§ WORK TO BE COMPLETED
Word for word, reproduce the listing that follows, excluding any pictures it contains.

§ DATA PROVIDED

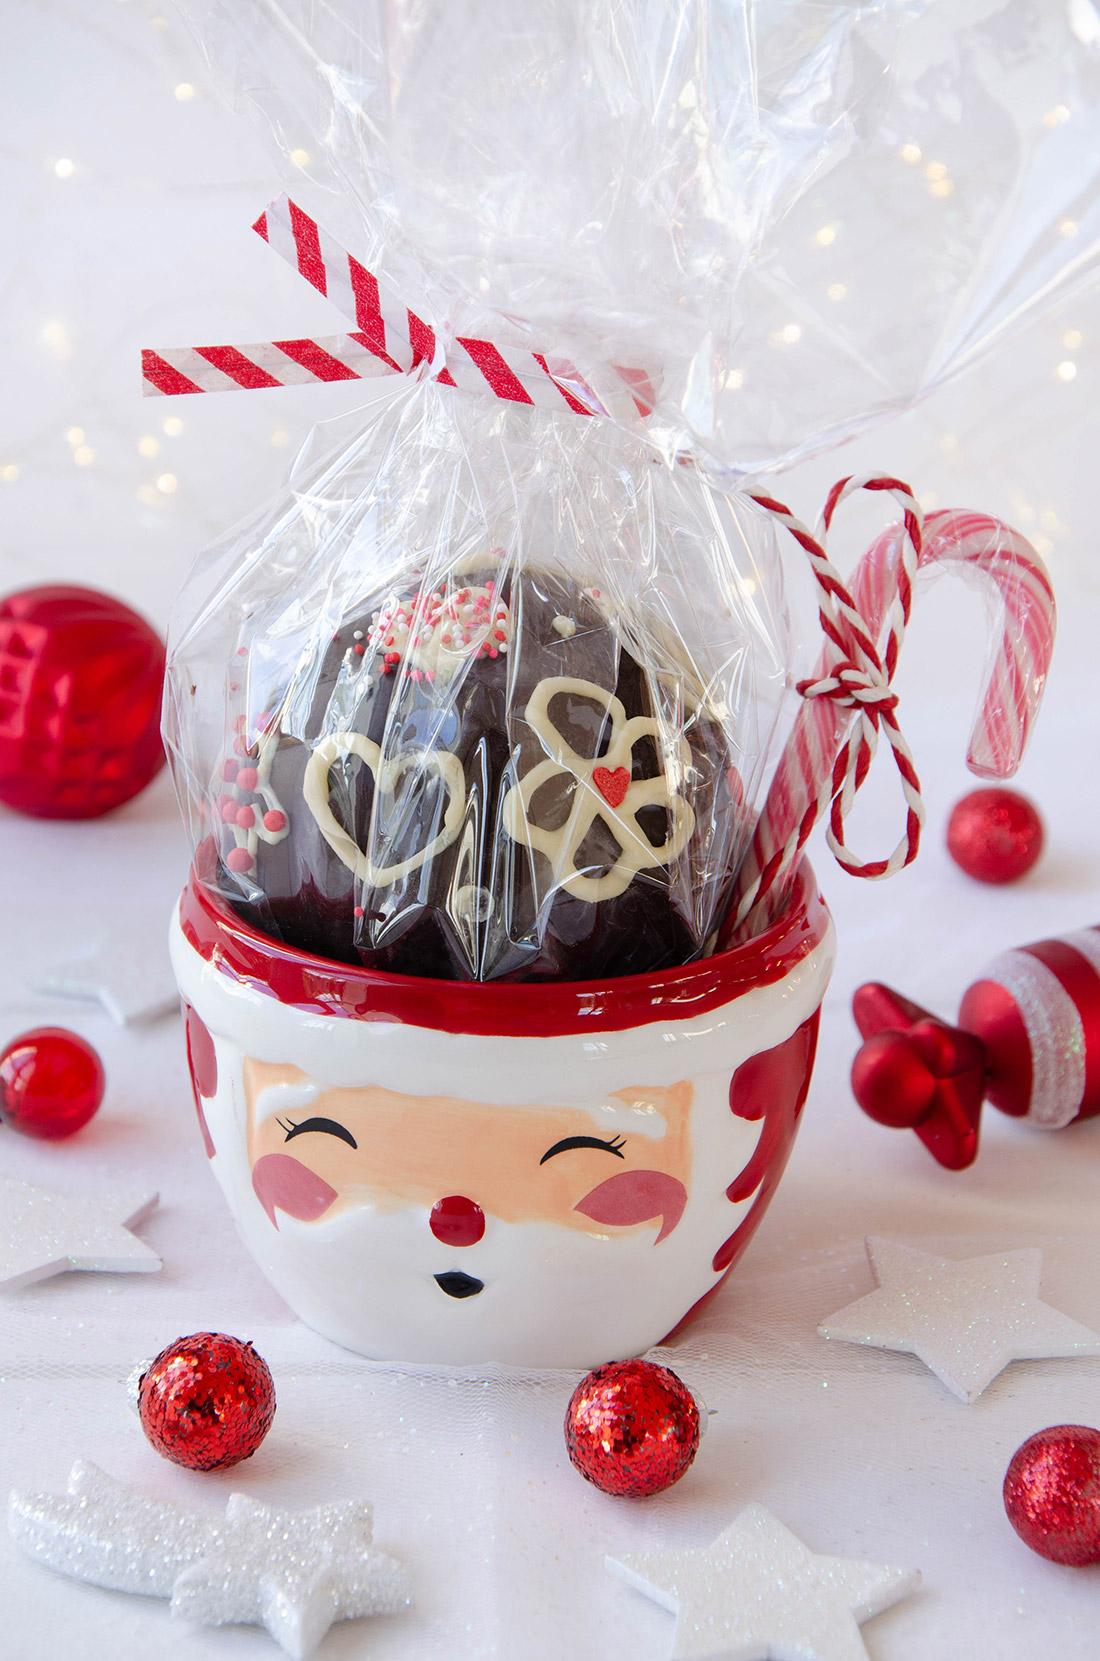 une bombe à chocolat chaud : un délicieux cadeau gourmand facile à faire !
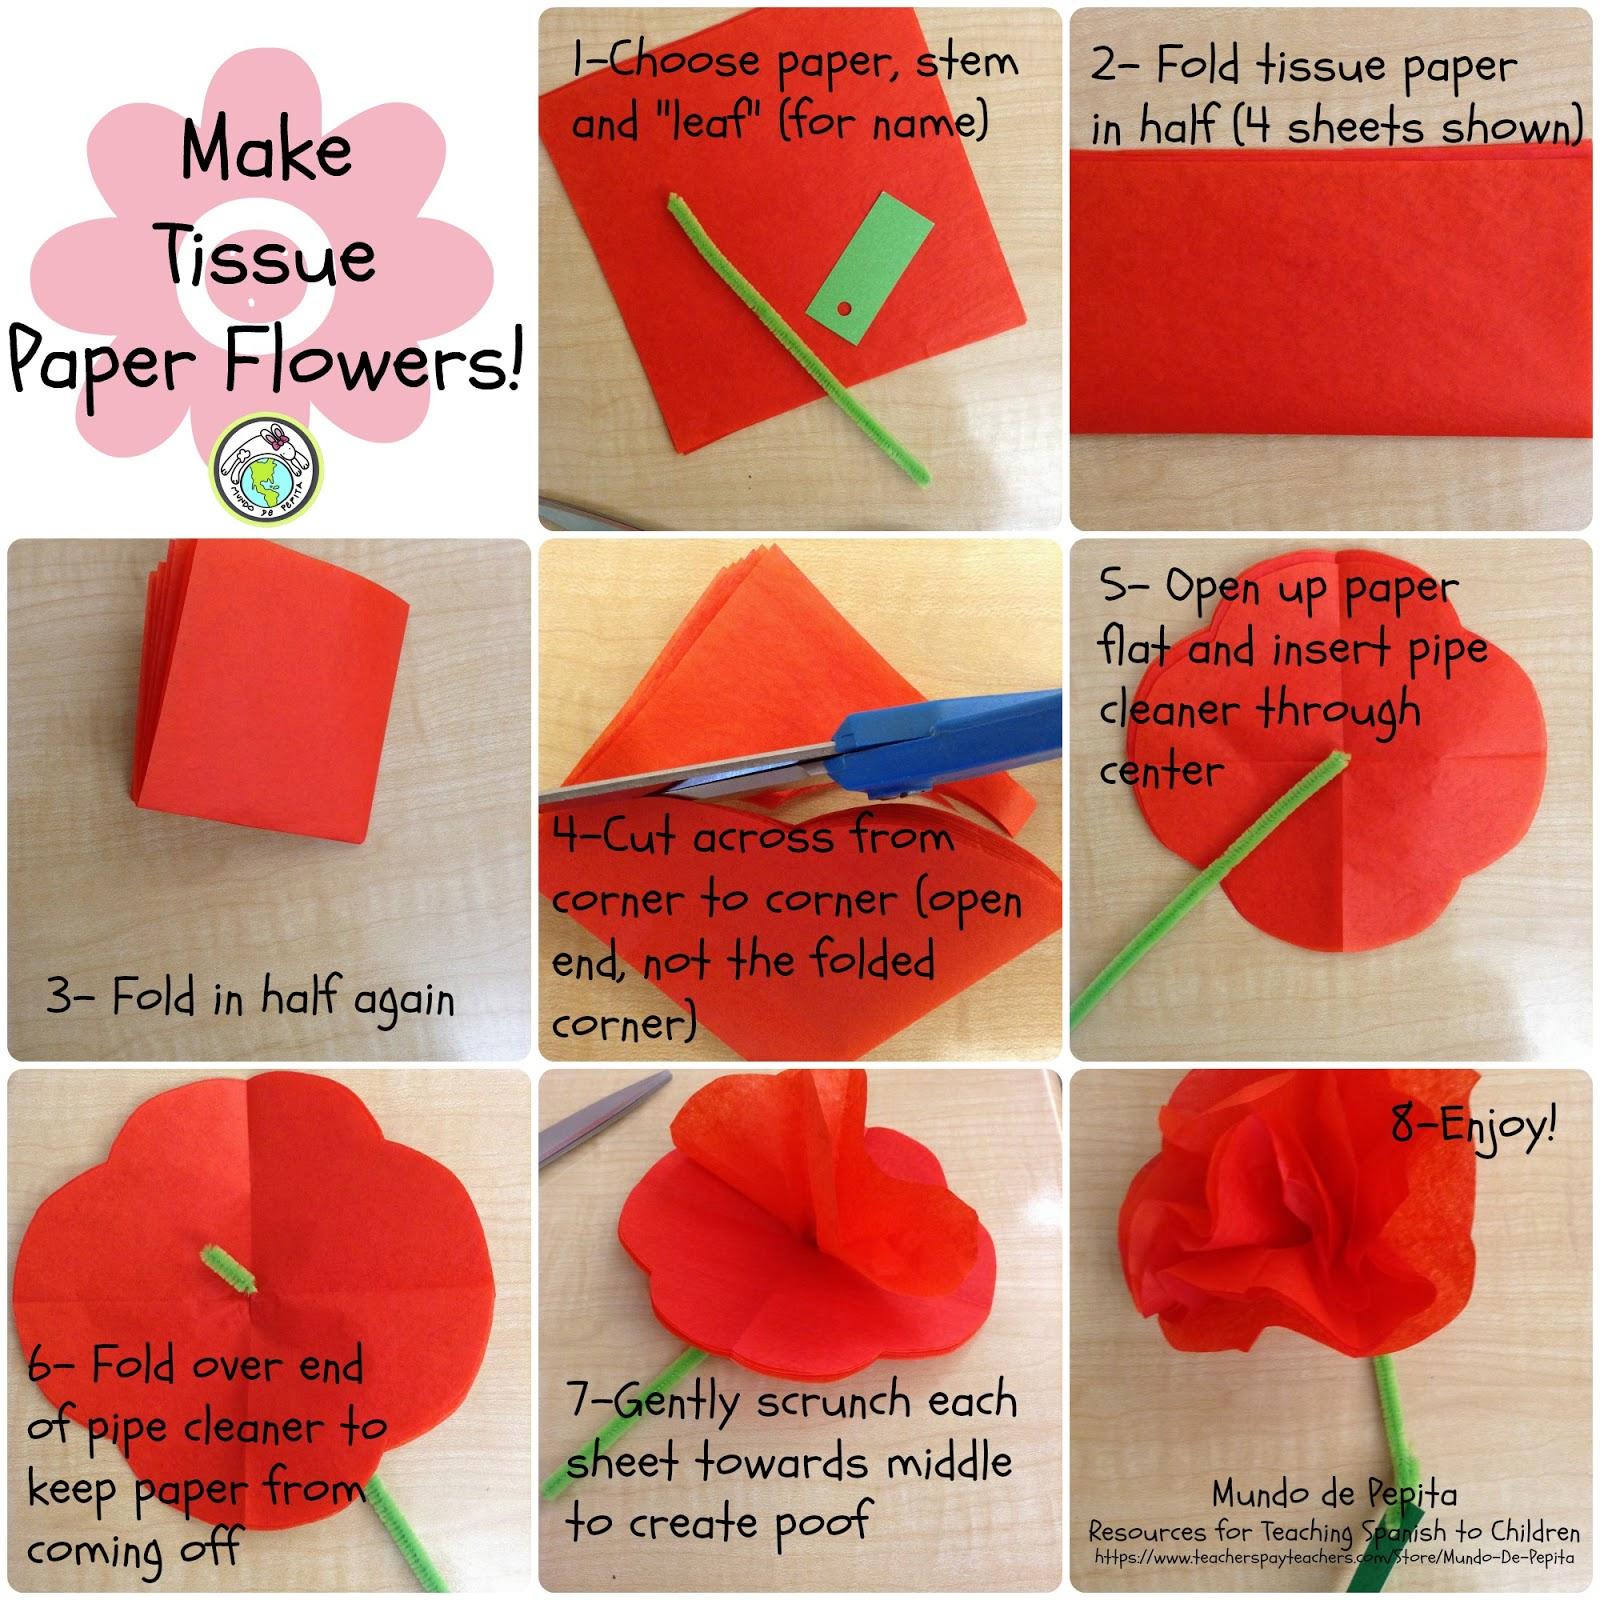 7 Steps For Making Tissue Paper Flowers Mundo De Pepita
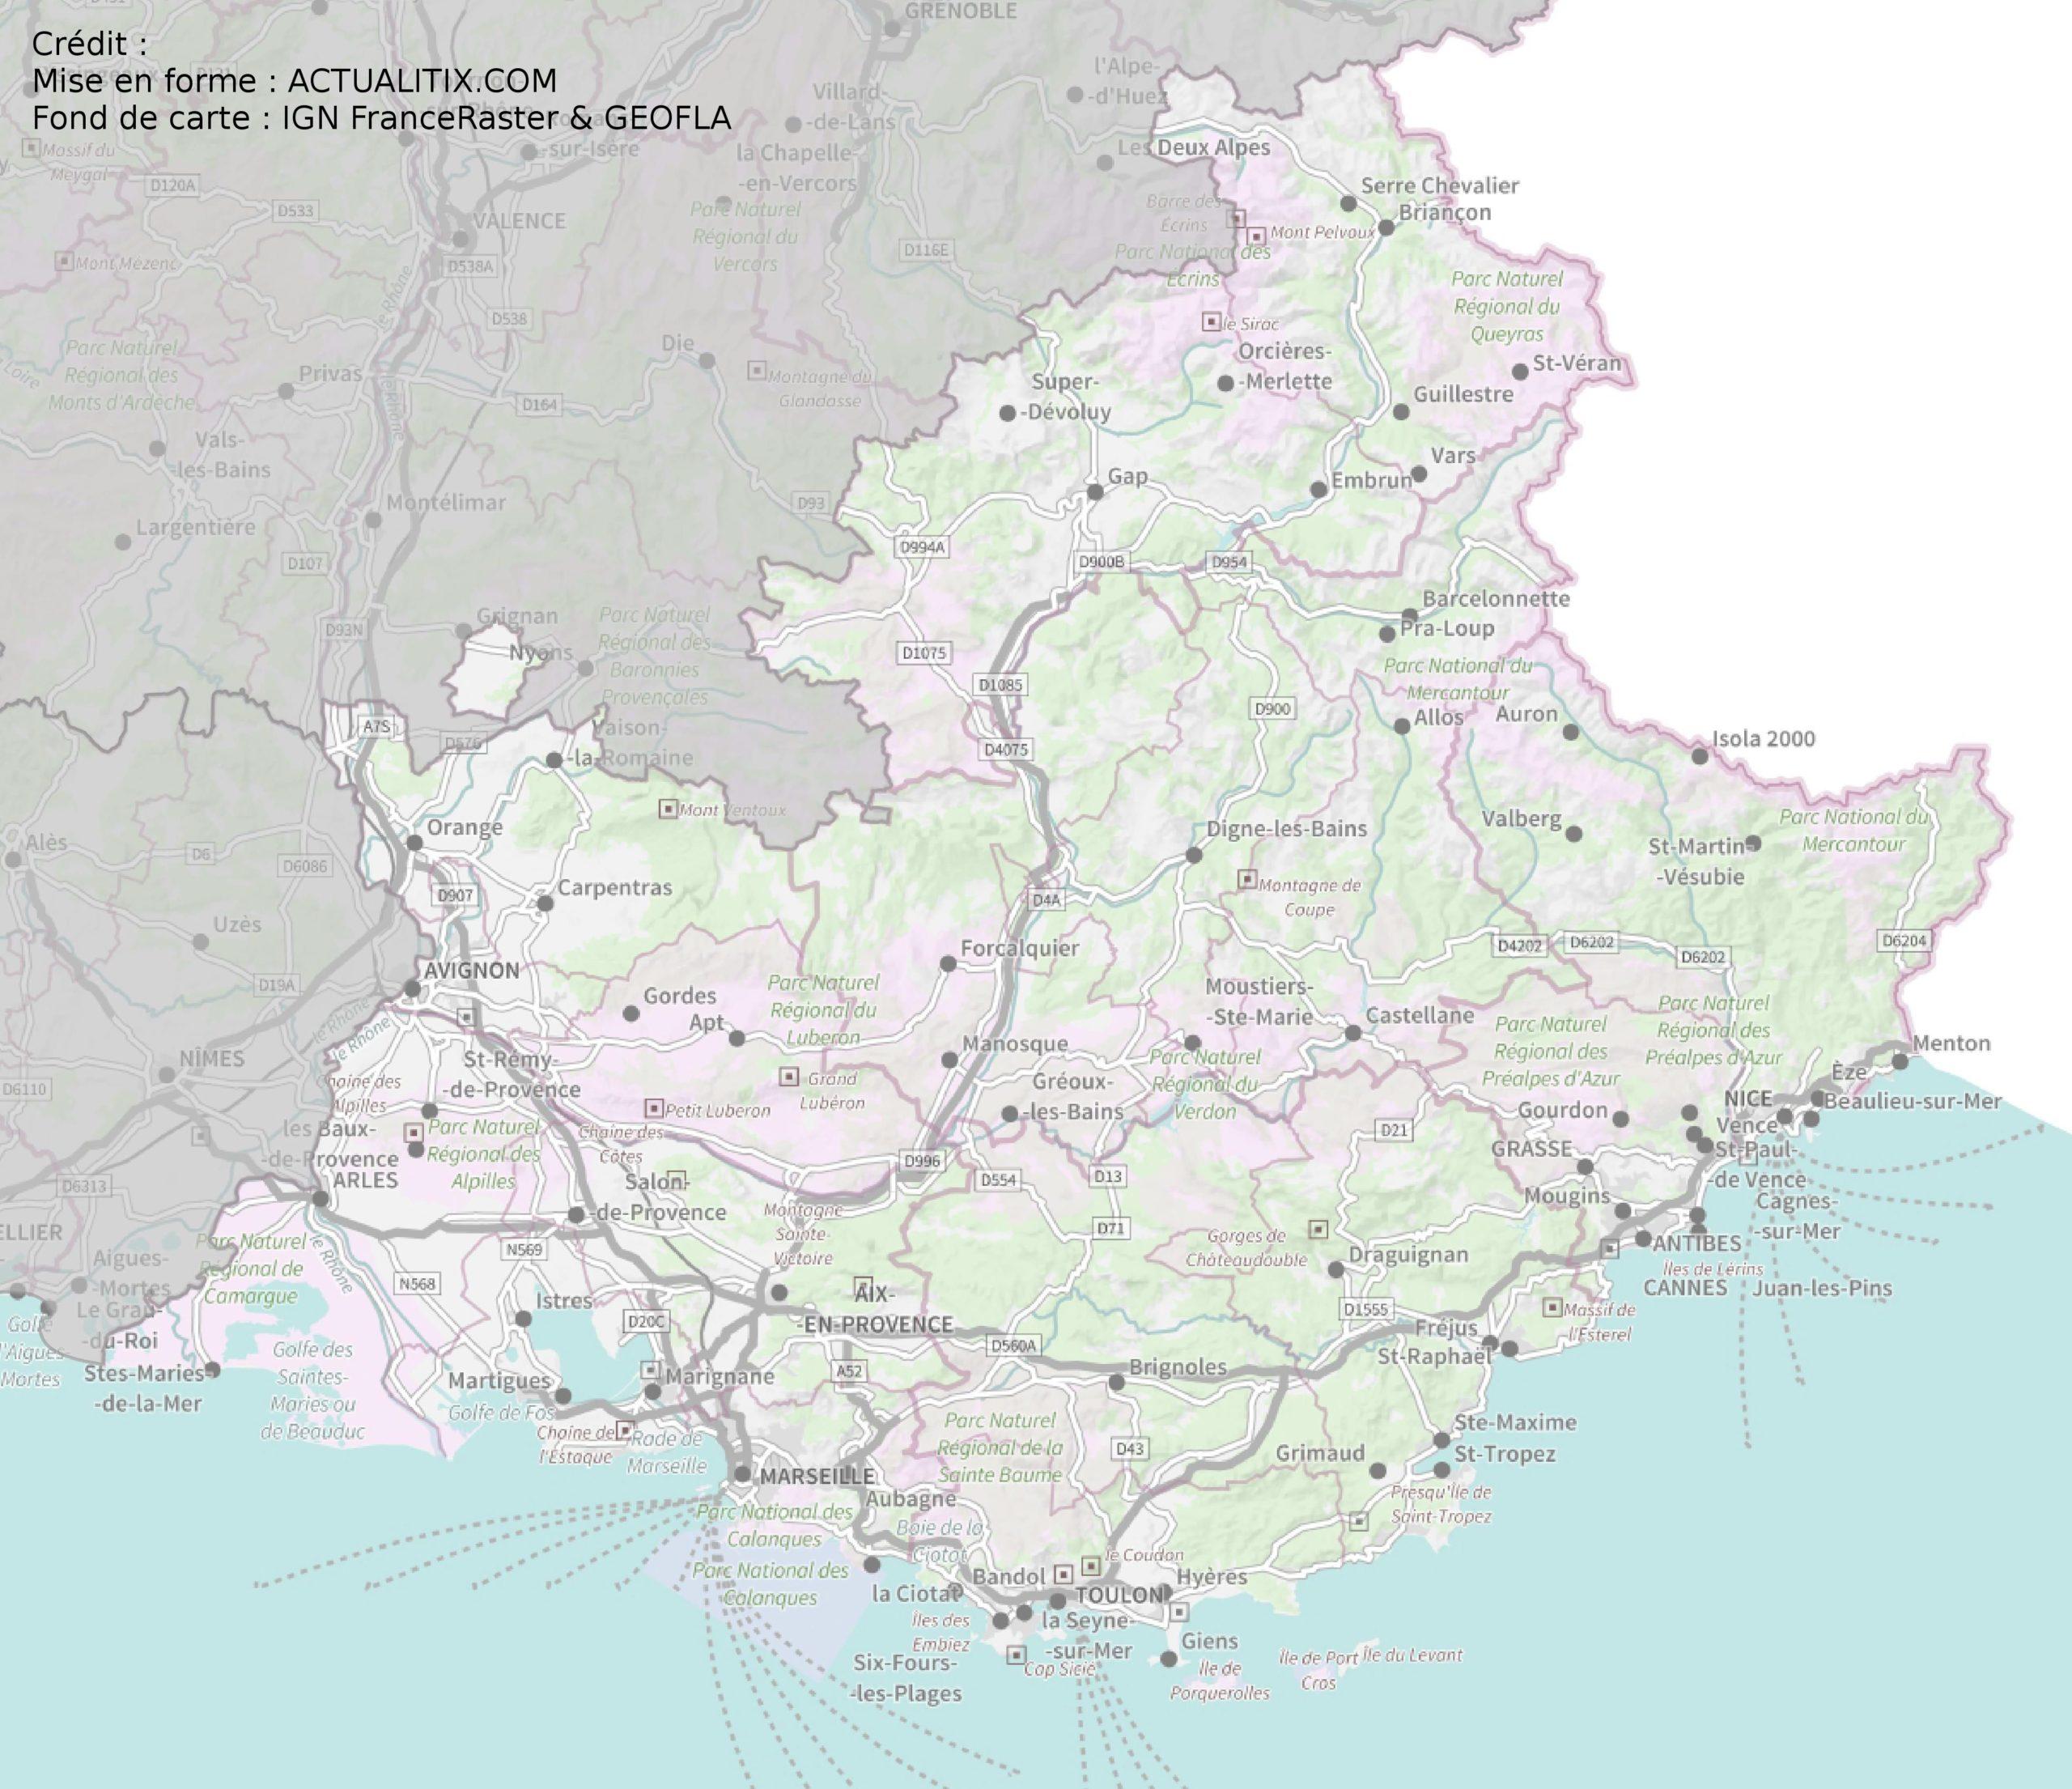 carte de la region paca Carte de Provence Alpes Côtes d'Azur (PACA)   Région de France

§ EXERCISE RESULT
 une bombe à chocolat chaud : un délicieux cadeau gourmand facile à faire !
 7 Steps For Making Tissue Paper Flowers Mundo De Pepita
 carte de la region paca Carte de Provence Alpes Côtes d'Azur (PACA)   Région de France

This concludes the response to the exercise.